> _TASK BRIEF_: Lines from the one containing "20% Off Clare V" through the last line of the data below are to be returned exactly; leave out the rest.

Stored data:
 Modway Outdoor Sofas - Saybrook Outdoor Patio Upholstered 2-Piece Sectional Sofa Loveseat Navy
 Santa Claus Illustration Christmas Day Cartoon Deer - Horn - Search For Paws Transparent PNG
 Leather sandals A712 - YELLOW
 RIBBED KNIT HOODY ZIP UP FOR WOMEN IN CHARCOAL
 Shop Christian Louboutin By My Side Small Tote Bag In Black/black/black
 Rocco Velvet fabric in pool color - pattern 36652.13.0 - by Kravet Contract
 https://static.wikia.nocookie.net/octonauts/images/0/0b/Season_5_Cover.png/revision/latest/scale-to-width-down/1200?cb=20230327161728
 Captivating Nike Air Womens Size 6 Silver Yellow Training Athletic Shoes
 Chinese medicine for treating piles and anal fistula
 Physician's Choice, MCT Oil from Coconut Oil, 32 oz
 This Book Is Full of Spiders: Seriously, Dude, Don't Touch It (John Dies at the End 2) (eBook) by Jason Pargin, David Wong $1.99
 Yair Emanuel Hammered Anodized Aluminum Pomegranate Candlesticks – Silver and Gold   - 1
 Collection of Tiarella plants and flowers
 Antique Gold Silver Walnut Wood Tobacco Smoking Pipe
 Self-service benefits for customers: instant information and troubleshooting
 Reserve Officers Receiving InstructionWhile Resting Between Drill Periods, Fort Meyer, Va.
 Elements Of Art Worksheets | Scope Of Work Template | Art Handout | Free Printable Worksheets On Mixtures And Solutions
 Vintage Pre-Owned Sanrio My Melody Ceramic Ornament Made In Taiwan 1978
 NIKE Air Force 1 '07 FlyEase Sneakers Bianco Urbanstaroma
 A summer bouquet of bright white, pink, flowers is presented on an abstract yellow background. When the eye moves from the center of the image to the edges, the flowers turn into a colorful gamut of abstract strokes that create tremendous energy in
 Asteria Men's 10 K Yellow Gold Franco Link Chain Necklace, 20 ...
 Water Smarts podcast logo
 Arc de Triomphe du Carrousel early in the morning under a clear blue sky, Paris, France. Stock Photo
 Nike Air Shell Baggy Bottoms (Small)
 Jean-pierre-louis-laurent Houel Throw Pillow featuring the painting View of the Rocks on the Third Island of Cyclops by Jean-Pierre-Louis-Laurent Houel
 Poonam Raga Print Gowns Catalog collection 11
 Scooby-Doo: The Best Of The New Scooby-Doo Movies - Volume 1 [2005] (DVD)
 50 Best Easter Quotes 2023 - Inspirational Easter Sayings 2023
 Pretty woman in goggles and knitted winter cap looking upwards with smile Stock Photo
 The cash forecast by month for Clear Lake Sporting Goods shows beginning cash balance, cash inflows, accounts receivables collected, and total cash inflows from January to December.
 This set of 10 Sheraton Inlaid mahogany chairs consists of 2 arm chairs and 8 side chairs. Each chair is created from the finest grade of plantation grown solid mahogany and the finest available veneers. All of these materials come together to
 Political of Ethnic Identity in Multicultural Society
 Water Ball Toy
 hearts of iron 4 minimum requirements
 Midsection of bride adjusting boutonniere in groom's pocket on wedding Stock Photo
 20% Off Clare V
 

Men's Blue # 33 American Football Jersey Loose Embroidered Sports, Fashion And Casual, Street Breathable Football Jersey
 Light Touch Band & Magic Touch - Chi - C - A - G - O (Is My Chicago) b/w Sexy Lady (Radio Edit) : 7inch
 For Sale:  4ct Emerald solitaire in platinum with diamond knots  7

> _WRITTEN SOLUTION_:
 20% Off Clare V
 

Men's Blue # 33 American Football Jersey Loose Embroidered Sports, Fashion And Casual, Street Breathable Football Jersey
 Light Touch Band & Magic Touch - Chi - C - A - G - O (Is My Chicago) b/w Sexy Lady (Radio Edit) : 7inch
 For Sale:  4ct Emerald solitaire in platinum with diamond knots  7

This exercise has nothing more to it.